This column focuses on
1) two classes of graph databases – Property and Semantic
2) how Property and Semantic graph databases differ and
3) graph database common use cases. It is important to understand what Property and Semantic graph databases are before understanding where they differ.
Property
Graph Database
A Property
Graph Database is an attributed, multi-relational graph where:
- The edges are labeled
- Both vertices and edges can have any number of key/value properties associated with them
- Graph databases are more complex compared to the standard single-relational graphs
Each node
represents a single person who is connected with others through relationships.
Figure 1 shows:
- John works with Jane
since year 2000.
Semantic
Graph Database
- A Semantic Graph Database is a Triplestore:
- It is made up of semantic triples in the form of Subject-Predicate-Object.
- It is capable of integrating heterogeneous data from many sources.

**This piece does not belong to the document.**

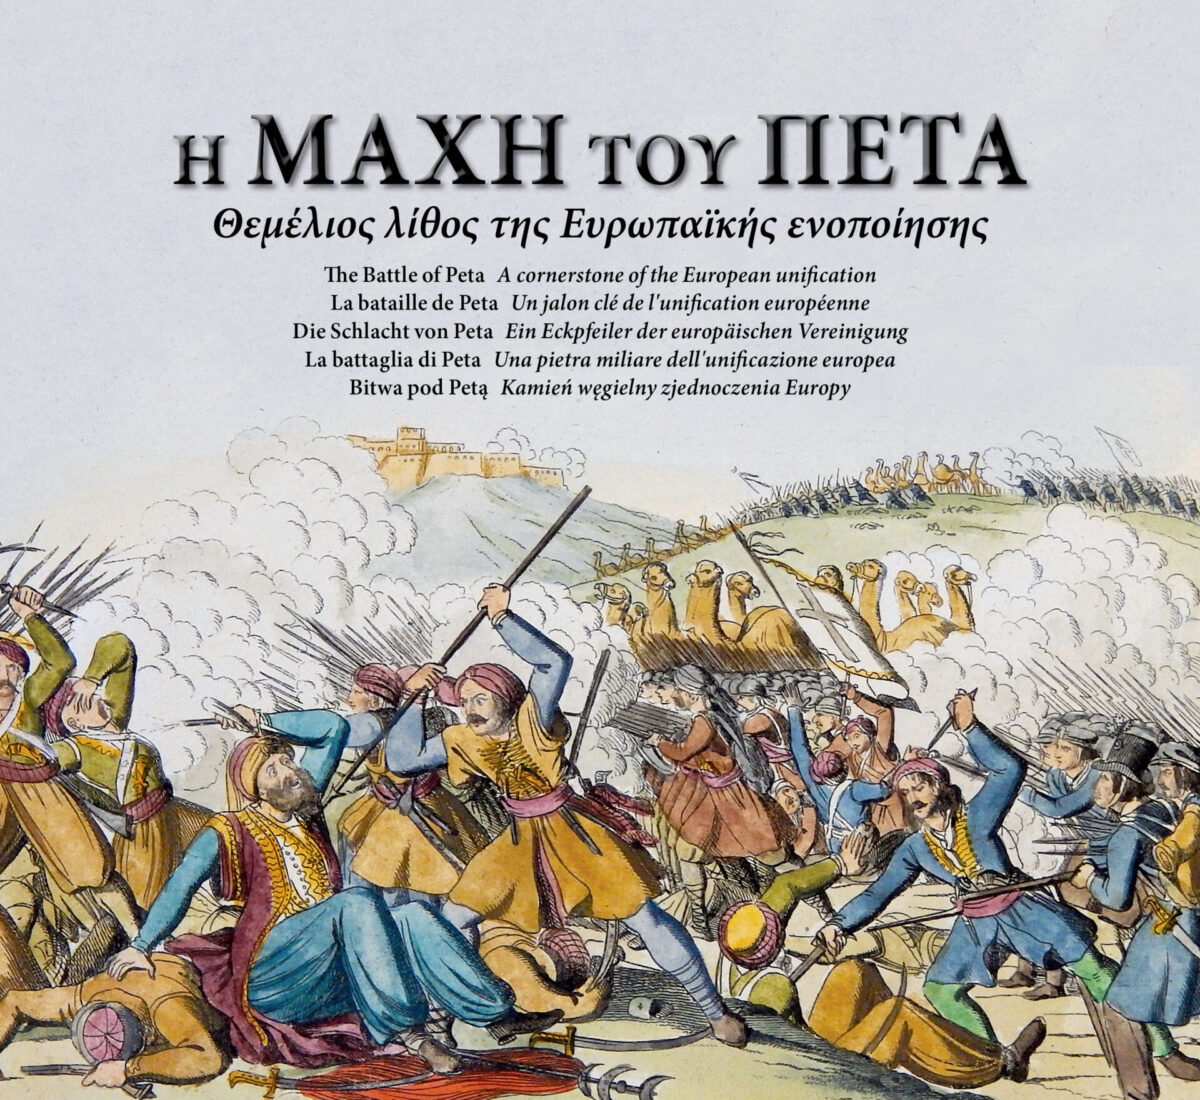 Κωνσταντίνος Βελέντζας, «Η Μάχη του Πέτα. Θεμέλιος λίθος της Ευρωπαϊκής ενοποίησης». Το εξώφυλλο της έκδοσης.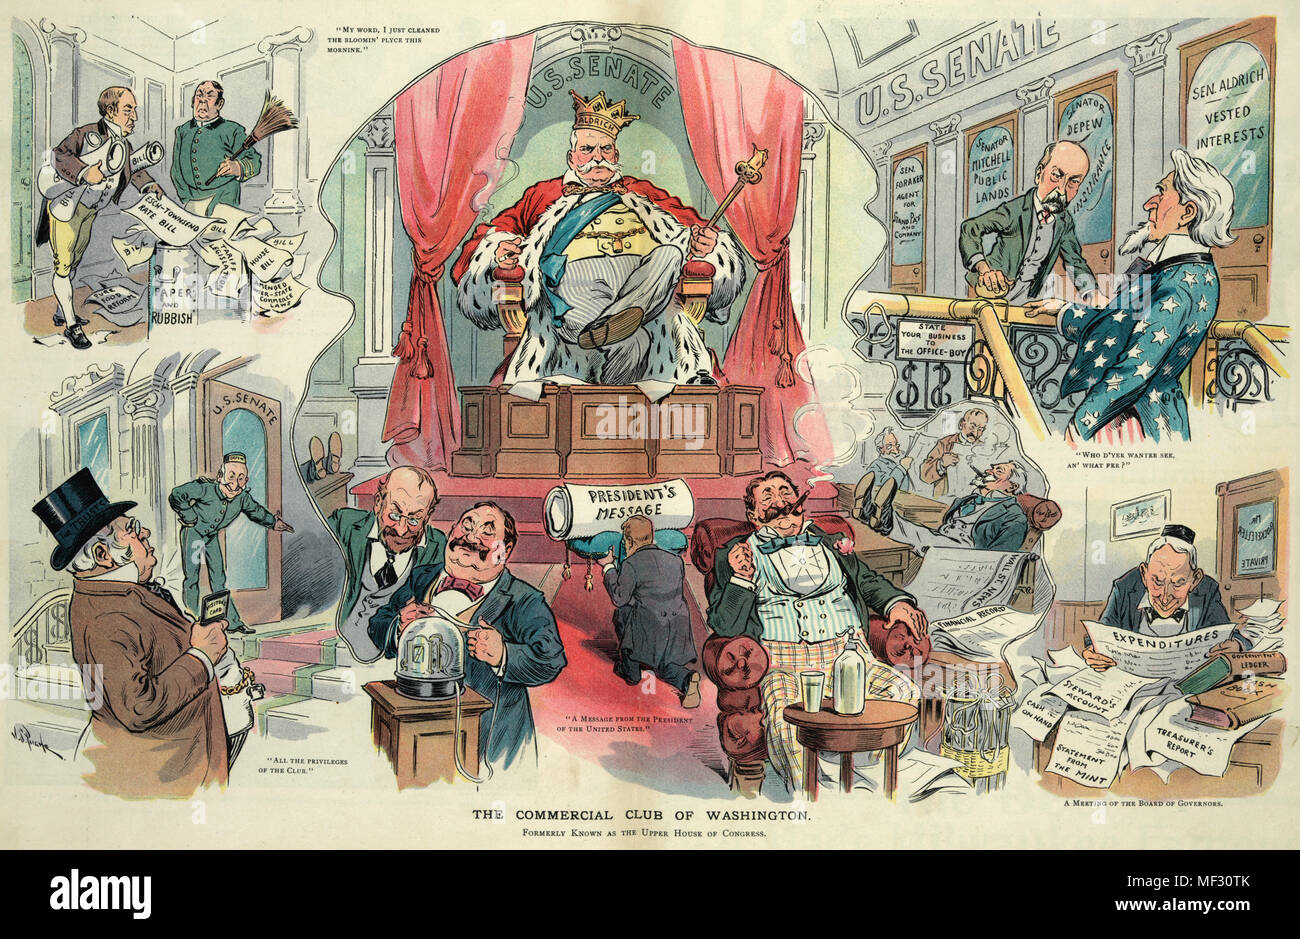 Il club commerciale di Washington - Illustrazione mostra Nelson Aldrich come re del 'U.S. Senato' seduta su un trono con un diminutivo Theodore Roosevelt inginocchiato davanti a lui il cuscinetto " il Messaggio del Presidente', intorno a loro senatori sono la lettura di Ticker tape o godendo il successo dei loro investimenti. La circostante vignette illustrano ELENA M. Depew come un portiere e accogliente un uomo etichettato 'l'investimento" nel 'U.S. Senato', John D. Rockefeller seduti ad una scrivania versando su 'Rapporti' e 'Spese', Charles W. Fairbanks come un ufficio boy fermando lo zio Sam in cima alle scale esigente w Foto Stock

- It is a type of NoSQL graph database.
Figure 2 shows:
- Lion eats Deer
- Deer is a Mammal
- Human is a Mammal
- Mammals are Living things
- Car is a Non-Living thing
- Phone is a Non-Living thing
- Laptop is a Non-Living thing
- Human is not a Non-Living thing; but a human uses
Non-Living things - Living and Non-Living things are part of Eco-System
Property vs
Semantic Graph Databases
The following section highlights areas where Property and Semantic graph
databases differ.
Standards Adherence/Compliance
- Property graph
databases use emerging Ad Hoc standards which apply to structure, properties, metadata,
etc. - Semantic graph
databases use W3C standards.
Schema
- Property graph
databases are schema-based with the need to define all types, properties, and
values upfront. - Semantic graph
databases are schema-less.
Query Language
- A query language
is still in development for property graph databases. Cypher is an evolving
query language for property graph databases, provided by Neo4j. - Full query
languages like SPARQL are similar to SQL with query optimization and are
available for semantic graph databases.
String Length
- Property graph
databases avoid long strings. - Semantic graph
databases are optimized to deal with arbitrary length strings (Example: URLs).
Disparate Data
- Property graph
databases require effort to share disparate data. - Semantic graph
databases are built to link disparate data.
Linked Open Data
- It is very hard
to read linked open data when using property graph databases. - Semantic graph
databases are built to read linked open data.
Graph
Databases Common Use Cases
One of the biggest data challenges faced in
today’s world is not about how to handle disparate data but how to connect data
using the technologies available. Graph databases provide one solution for this
challenge. Here are some common use cases:
Social Networks
Social networking databases tend to store and
pull information that is connected but also not uniform. These databases are
focused more on building a network among users (“objects”) rather than neatly
storing data in tables. The relationships among those users can be friends,
friends of friends, coworkers, common interests, etc. which in turn make
everything even more complex.
Metadata Management
Graph databases offer the fundamental solid
foundation and processes needed to manage and gain benefits from enterprise
data. It is robust at modelling the complex relationships between
mission-critical data assets and answering data stewards’ questions. When the
business is in need of answers, it also needs to know the level of confidence
in the information that is provided. Graph databases enable a way to quickly
explore and measure trust to understand the data asset with confidence. Graph
database technology has proven effective in mastering information
across hundreds of data sources and it continues to gather pace as part of a
robust metadata management strategy.
Fraud Detection
Enterprise organizations rely on graph
database technology to strengthen their fraud detection capabilities to prevent
a variety of financial crimes like credit card fraud, insurance fraud, etc.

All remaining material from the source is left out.